Maria Anna Walburga Ignatia Mozart, affectionately called Nannerl by her family, could play the piano with an otherworldly skill from the time she was a child, when her tiny hands seemed too small to encompass a fifth. At the tender age of five, she gave her first public performance, amazing the assembled gentlemen and ladies with the beautiful music she created. But her moment of glory was cut short, for even as her father carried her around to receive their praise, her mother began laboring to bring a second child into the world. After hours of her mother’s pained cries and agonized shouts, which rang in Nannerl’s ears like a terrifying symphony, the child was born. They named him Wolfgang.

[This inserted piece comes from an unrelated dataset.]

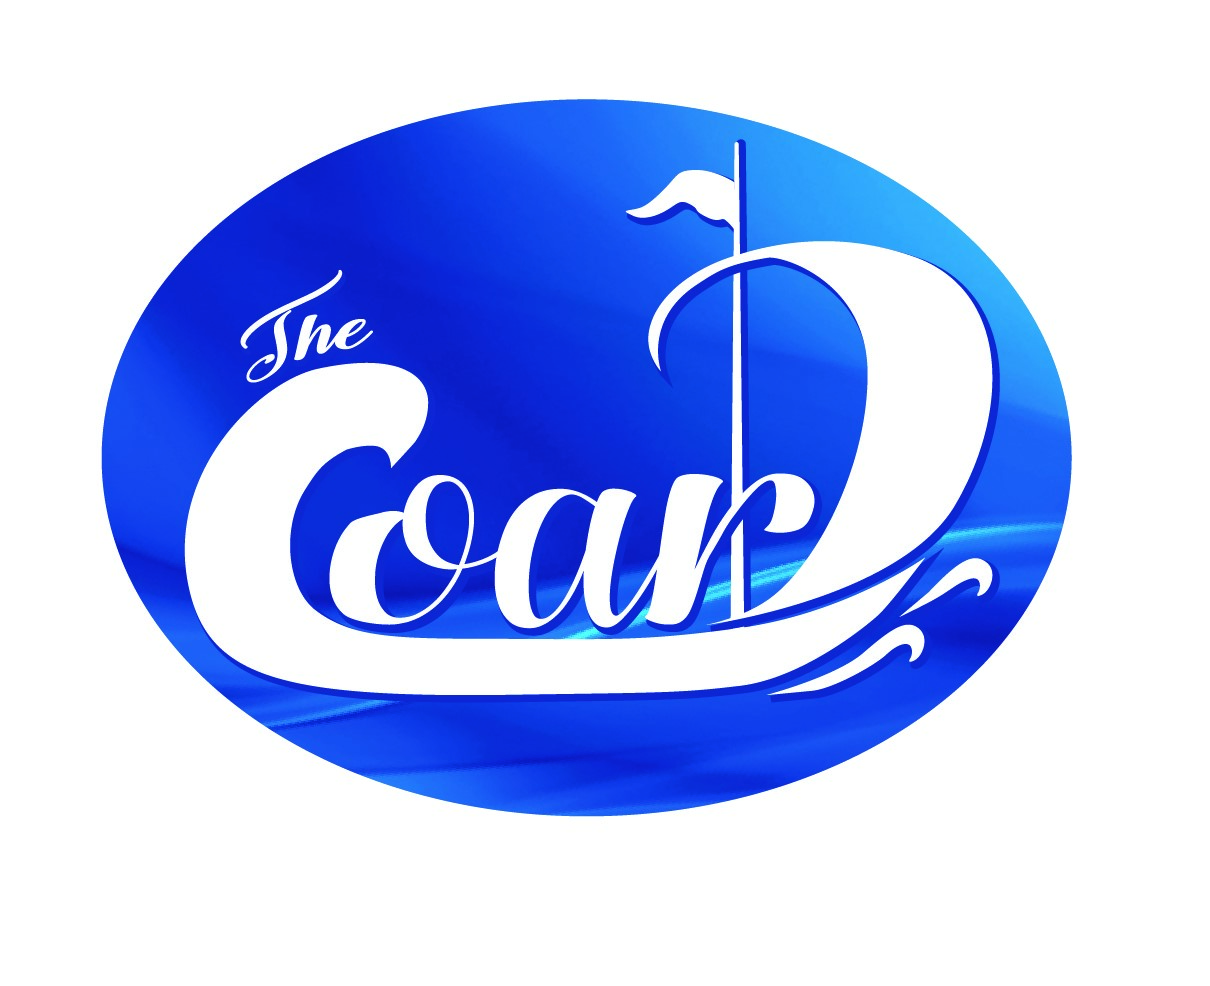 The COARD is on Facebook!

Nannerl loved him instantly. As they grew, Wolfgang and his sister became inseparable, creating a fantasy world together and playing music the likes of which no one had ever heard. They were two sides of a single person, opposite in temperament—he lighthearted and charismatic, she shy and retiring—but equal in talent. Yet it was Wolfgang who carried their father’s dreams of glory.

And as the siblings matured, Nannerl’s prodigious talent was brushed aside by her father. Instead of playing alongside her brother in the world’s great cities, she was forced to stop performing and become a provincial piano teacher to support Wolfgang’s career. Nannerl might have accepted this life in her brother’s shadow but for the appearance of a potential suitor who reawakened her passion for life, for love, for music—and who threatened to upset the delicate balance that kept the Mozart family in harmony.

Mozart’s Sister draws you into the lush palaces and salons of eighteenth-century Europe and into the fascinating life of a woman who ultimately found a way to express her own genius.